Doença vascular: identificada abordagem terapêutica

1 min de leitura

Investigadores americanos identificaram um inibidor proteico que é capaz de impedir o bloqueio dos vasos sanguíneos associado ao desenvolvimento de doenças cardiovasculares, incluindo enfarte agudo do miocárdio e acidente vascular cerebral, dá conta um estudo publicado na revista “Arteriosclerosis, Thrombosis, and Vascular Biology”.

As artérias contraem-se e dilatam com o objetivo de regular o fluxo sanguíneo para os órgãos e músculos. As células do músculo liso nas artérias regulam o fluxo sanguíneo através da constrição e relaxamento.

No entanto, quando a inflamação crónica atinge um vaso sanguíneo, habitualmente em resposta à diabetes, níveis elevados de colesterol e tabagismo, as células musculares lisas presentes nas paredes das artérias adquirem um comportamento alterado. Na verdade elas começam a acumular-se dentro das artérias e provocam um estreitamento dos vasos sanguíneos. No caso das artérias coronárias, que fornecem o sangue para as células do músculo cardíaco, este processo produz bloqueios que podem conduzir a um enfarte agudo do miocárdio.
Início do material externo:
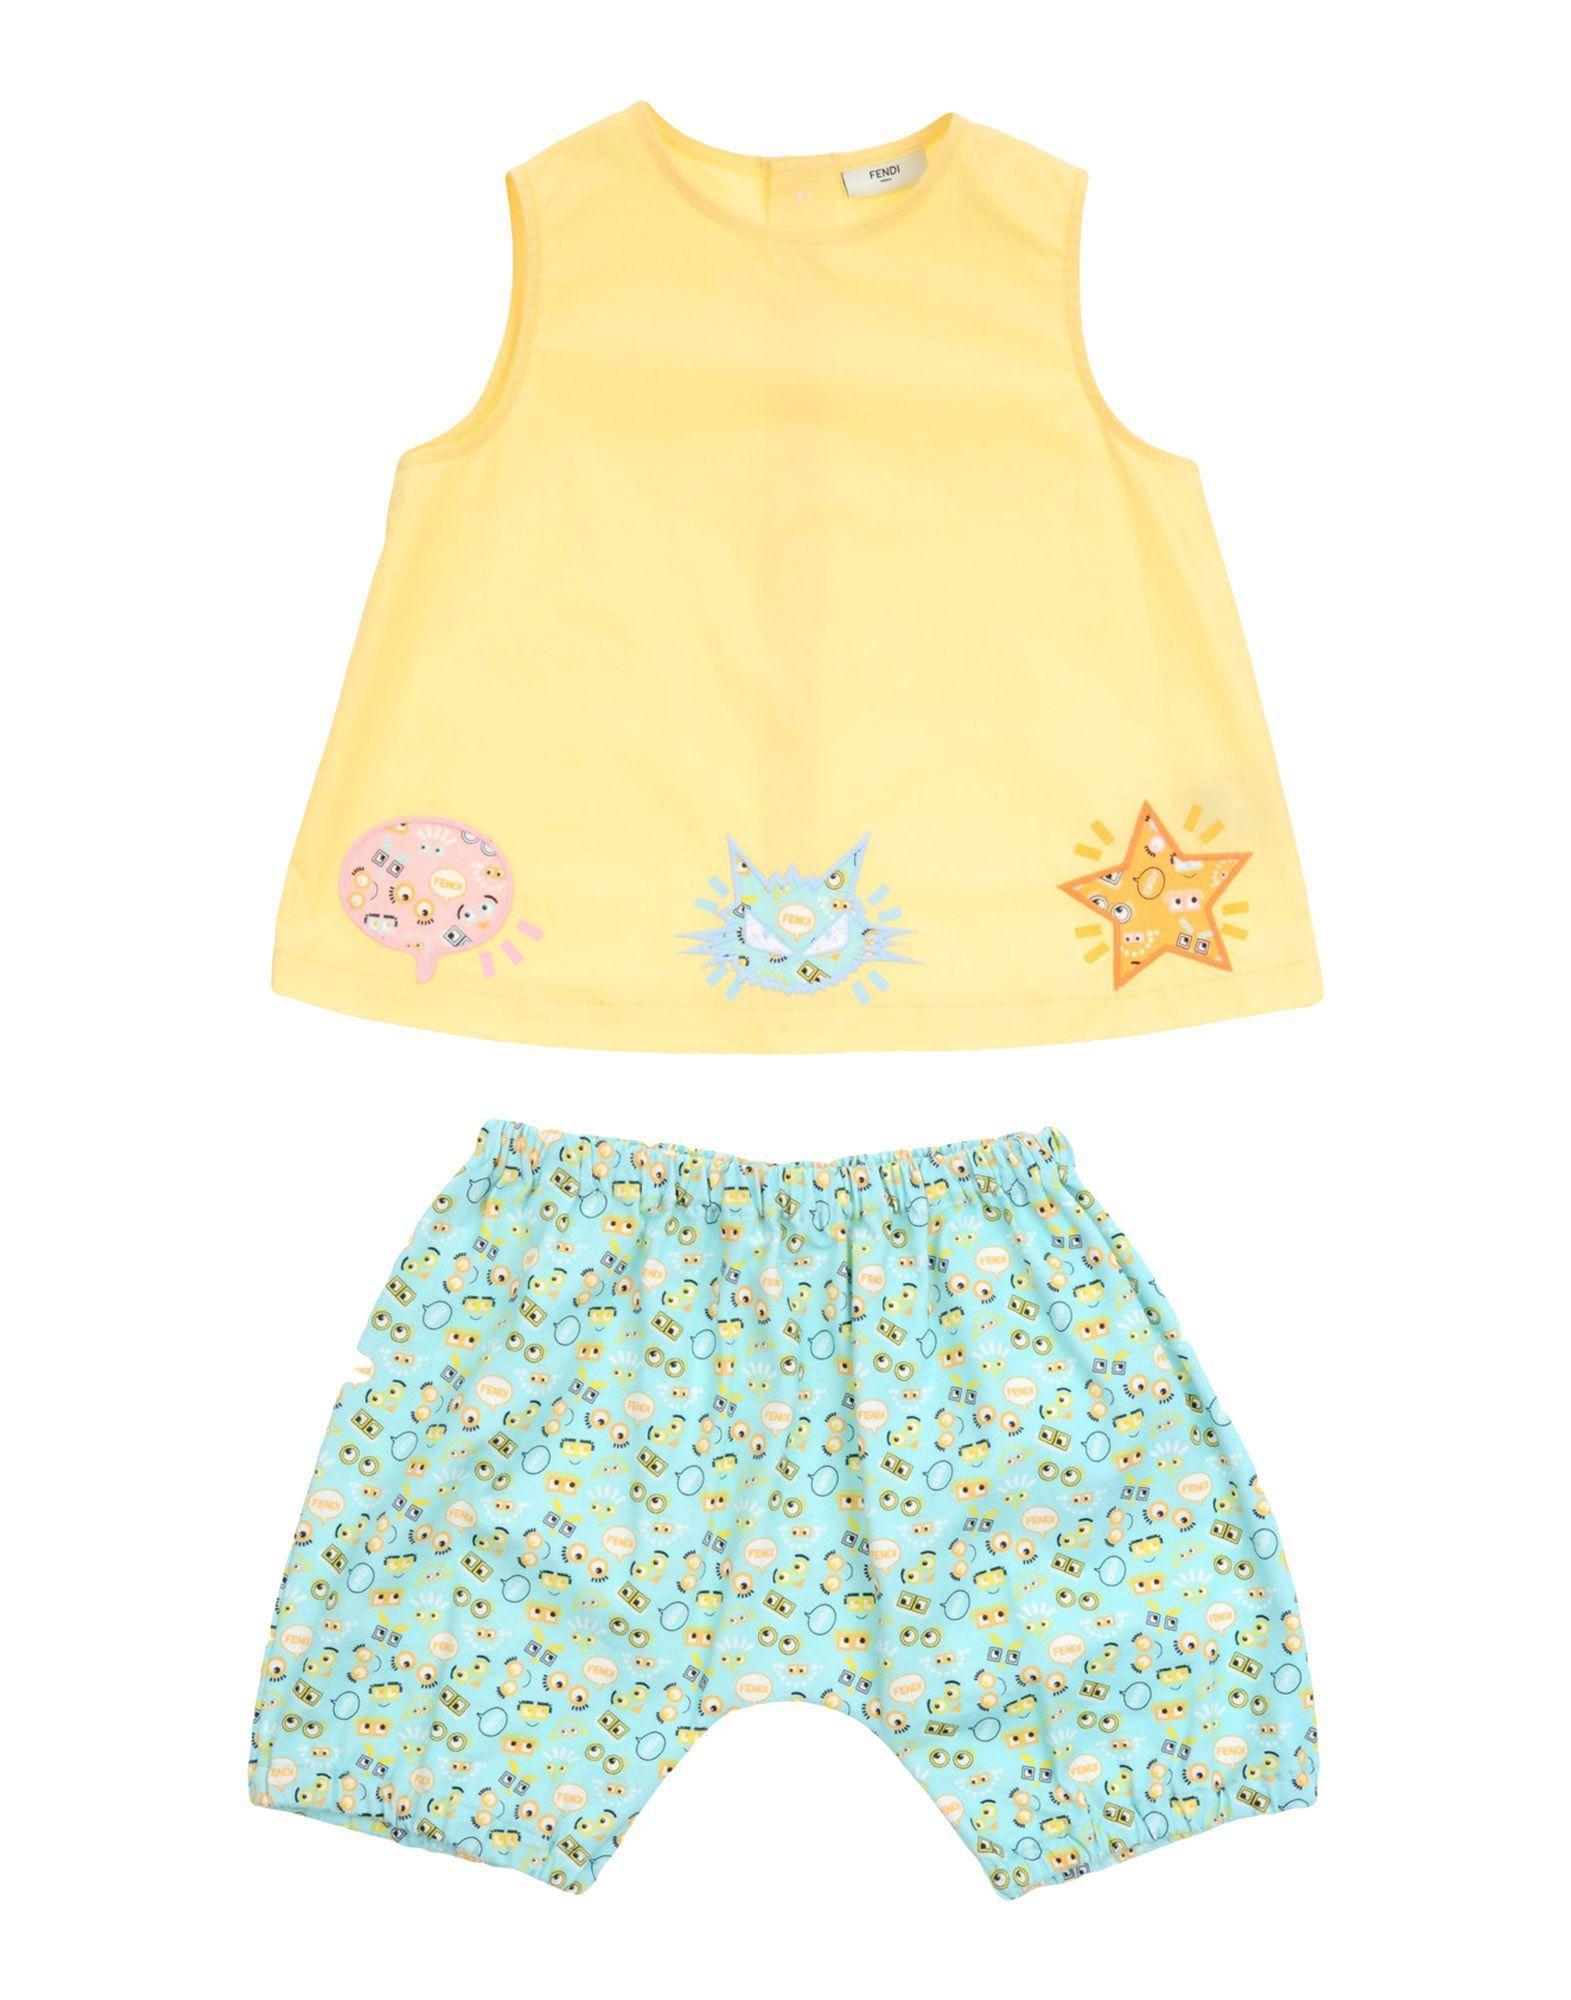 Fendi Yellow Girl Cotton Set

O inibidor do ativador do plasminogénio 1 (PAI-1) é uma proteína encontrada naturalmente nos vasos sanguíneos que controla a migração celular. Na presença de doenças como a diabetes e obesidade, o PAI-1 acumula-se excessivamente nos vasos sanguíneos o que promove a formação de um bloqueio. Este processo ocorre não apenas nas artérias, mas também em enxertos de veias em pacientes que foram submetidos a cirurgia de revascularização do miocárdio.

No estudo, os investigadores da Universidade de Missouri, nos EUA, avaliaram o PAI-03, um fármaco experimental que ainda não foi utilizado em humanos. Verificou-se que o PAI-03 inibia a migração das células do músculo liso das artérias coronárias em cultura e impedia o desenvolvimento de bloqueios nas artérias e nos enxertos bypass nos ratinhos.

Os cientistas verificaram que o PAI-039 diminui a formação de bloqueios em cerca de 50%. Adicionalmente a inibição do PAI-1 também tornou o sangue mais fluido, um efeito que impede a formação de coágulos sanguíneos responsáveis por desencadear a maioria dos enfartes agudos do miocárdio e acidentes vasculares cerebrais.

William Fay, o líder do estudo, concluiu que se estes achados forem comprovados em estudos futuros, talvez o PAI-039 ou fármacos similares possam ser utilizados, em combinação com a prática de exercício, dieta, toma de aspirina e de medicamentos para controlar os níveis de colesterol, para impedir a formação de bloqueios dos vasos sanguíneos e reduzir o risco de enfarte agudo do miocárdio e acidente vascular cerebral.